「行」は何と読む?
漢字の読み方にはいろいろなものがありますが、たとえば「行」は何と読むでしょうか?
普通音読みなら「ギョウ」「コウ」、訓読みなら「い(く)」「ゆ(く)」を思い出すことと思います。
しかしそれだけはありません。割と使われるものとして、行には「アン」という音読みがあります。
今回はこの読み方をする熟語を3つご紹介します。
行脚(あんぎゃ)
行脚という言葉は割と聞いたことがある方は多いかもしれません。
行脚は色んな地方を巡り歩く事です。元々は仏教の修行で歩きまわることを指していましたが今は一般に広く使われています。
「今日はいろんなデパートに買い物行脚だ」なんて言う言い方をする人もいますね。
この熟語は学校の漢字の学習やテストなどでも出題がされることがあります。
行灯(あんどん)
行灯(あんどん)はその読み方がわかると「ああ、あれか」と気づく熟語です。
行灯(あんどん)は行燈とも書き、日本に古くからある照明器具の一つです。ろうそくや油を燃料とした火を使って明るくする仕組みの物で、持ち運ぶタイプや室内に置くタイプ、壁に掛けるタイプなど色々な種類があります。
よく時代劇に登場する灯りはこれですが、この後に登場する提灯(ちょうちん)とはちょっと違います。

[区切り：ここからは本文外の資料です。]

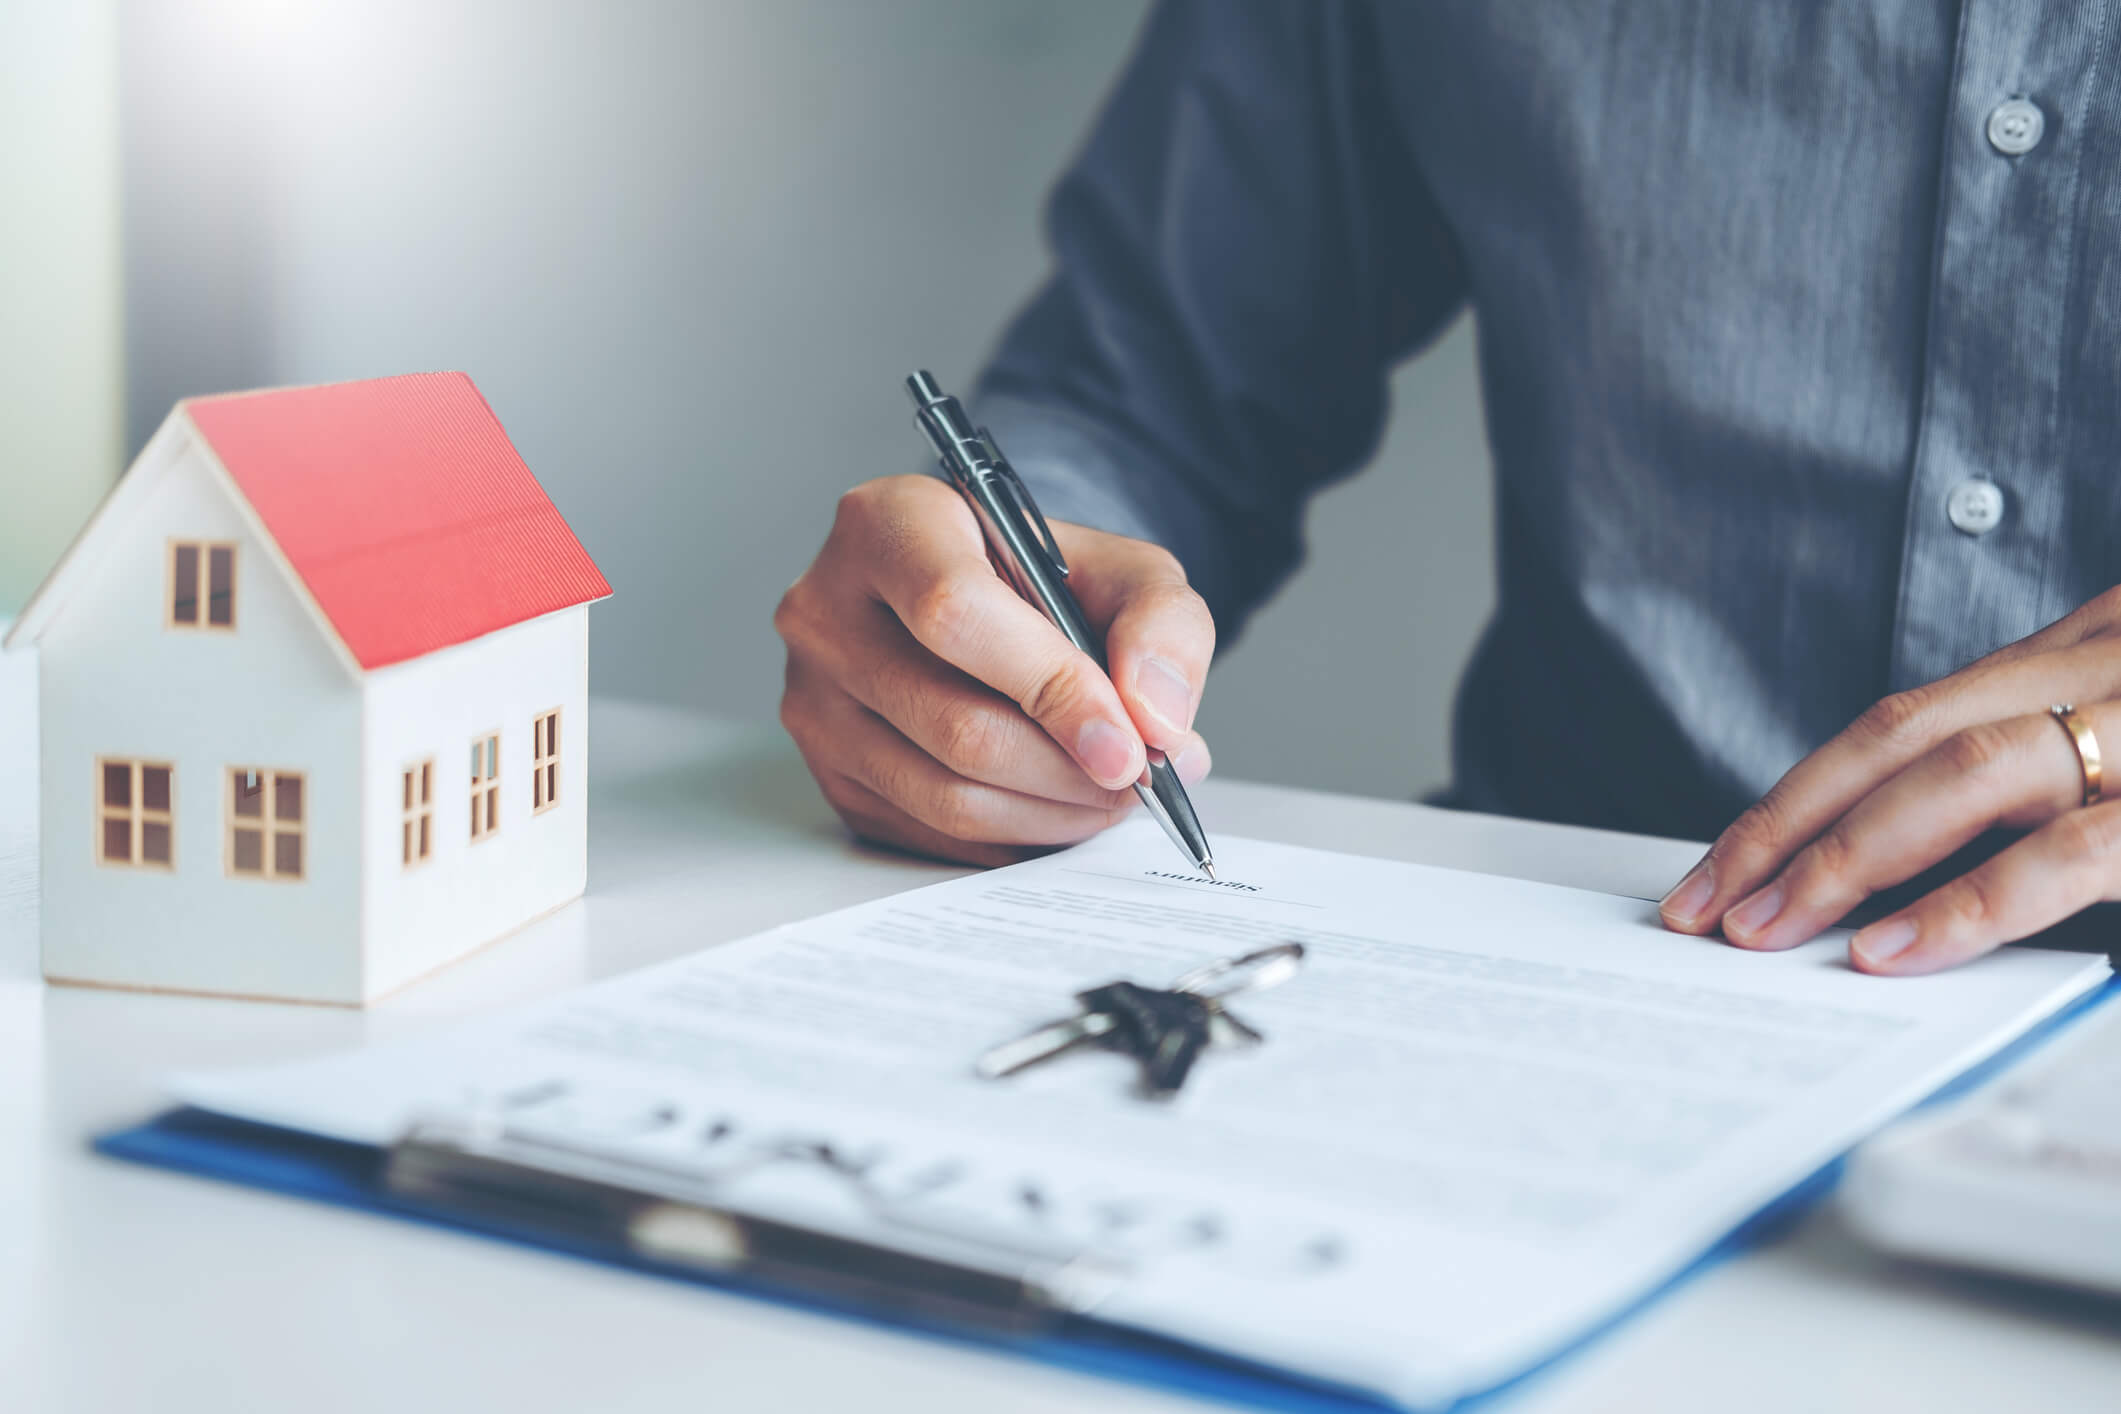 Em uma mesa, homem assina um contrato ao lado de uma casa em miniatura | Diminuir o valor de financiamento imobiliário | Blog da Tenda

角形の枠に紙を張って、底板に油の皿を置き、取っ手をつけた形が携行用の基本スタイルだったようですが、火災防止のためもあってか屋外は提灯にとって代わられたようです。
元々「行くときに持つ灯り」ということで行灯の漢字が使われるようになったところ、それに「あんどん」の読みが当てられたと言われています。
行宮(あんぐう)
行宮(あんぐう)はちょっと聞きなれないかもしれません。
行宮は天皇が皇居外へ行く場合(行幸・ぎょうこう)の仮の宮(仮宮)のことを言います。
天皇が外出することを行幸(ぎょうこう)と読むのに、行先は行宮(あんぐう)と呼ぶのが、漢字の読み方の難しいところですね。

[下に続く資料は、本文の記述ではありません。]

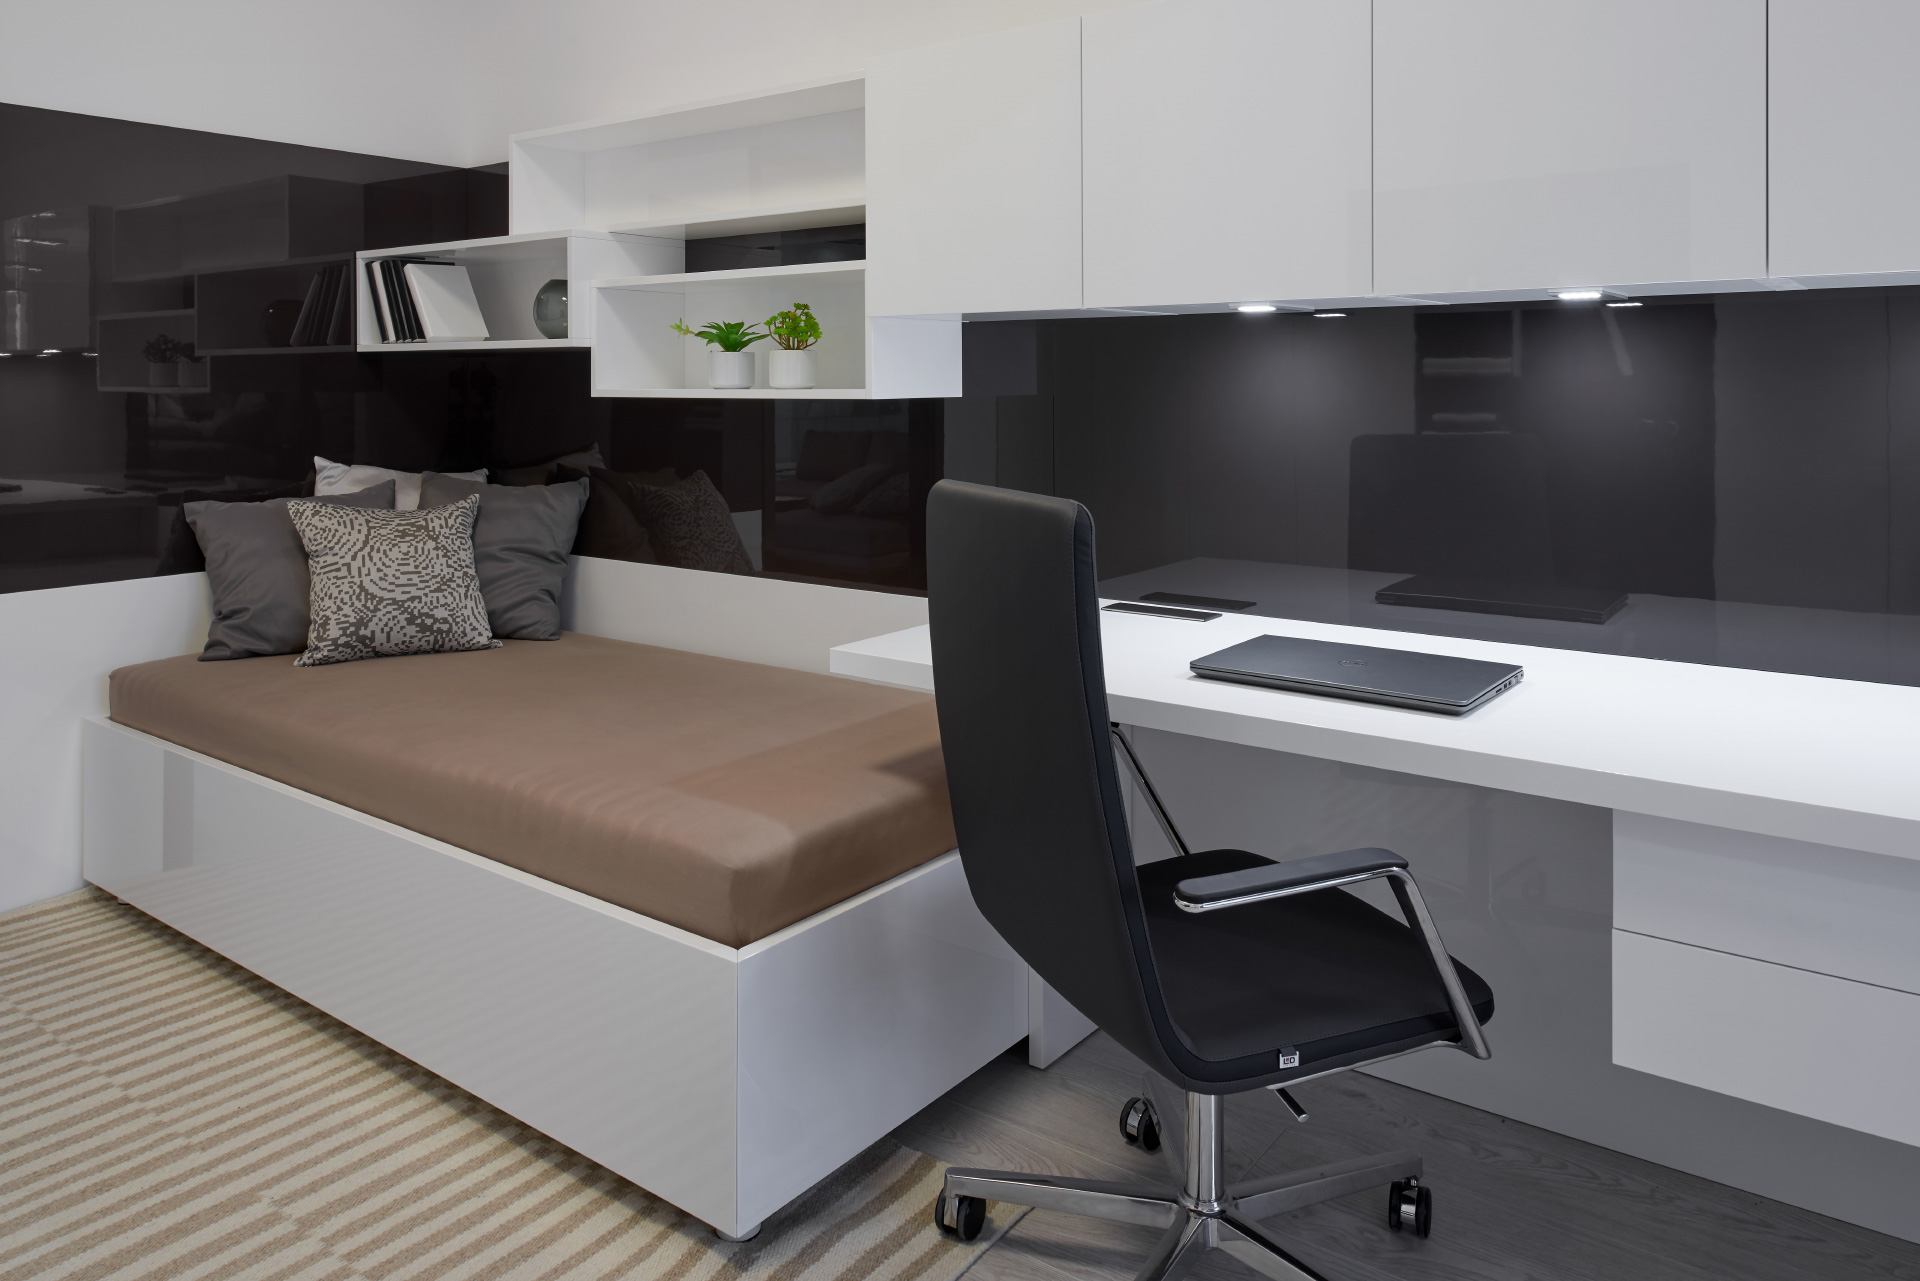 Hanák nábytek Minimalist student room

天皇の所在については行在所(あんざいしょ)という言葉もあります。
いずれも少し特別な熟語ですのでなじみがないかも知れませんが、「あん」と読む場合は、このように結構あって驚きます。
漢字の読み方にはそれぞれ歴史的な背景があるため面白いです。
勉強として書き取りをカリカリやるのもいいですが、「どんな話だろう」と思って学ぶと逆にいつまでも忘れないっていうようなこともあります。
勉強をつまらなくするのも楽しくするのも自分自身なのです。
ぜひ一度そのことを考えてみてください。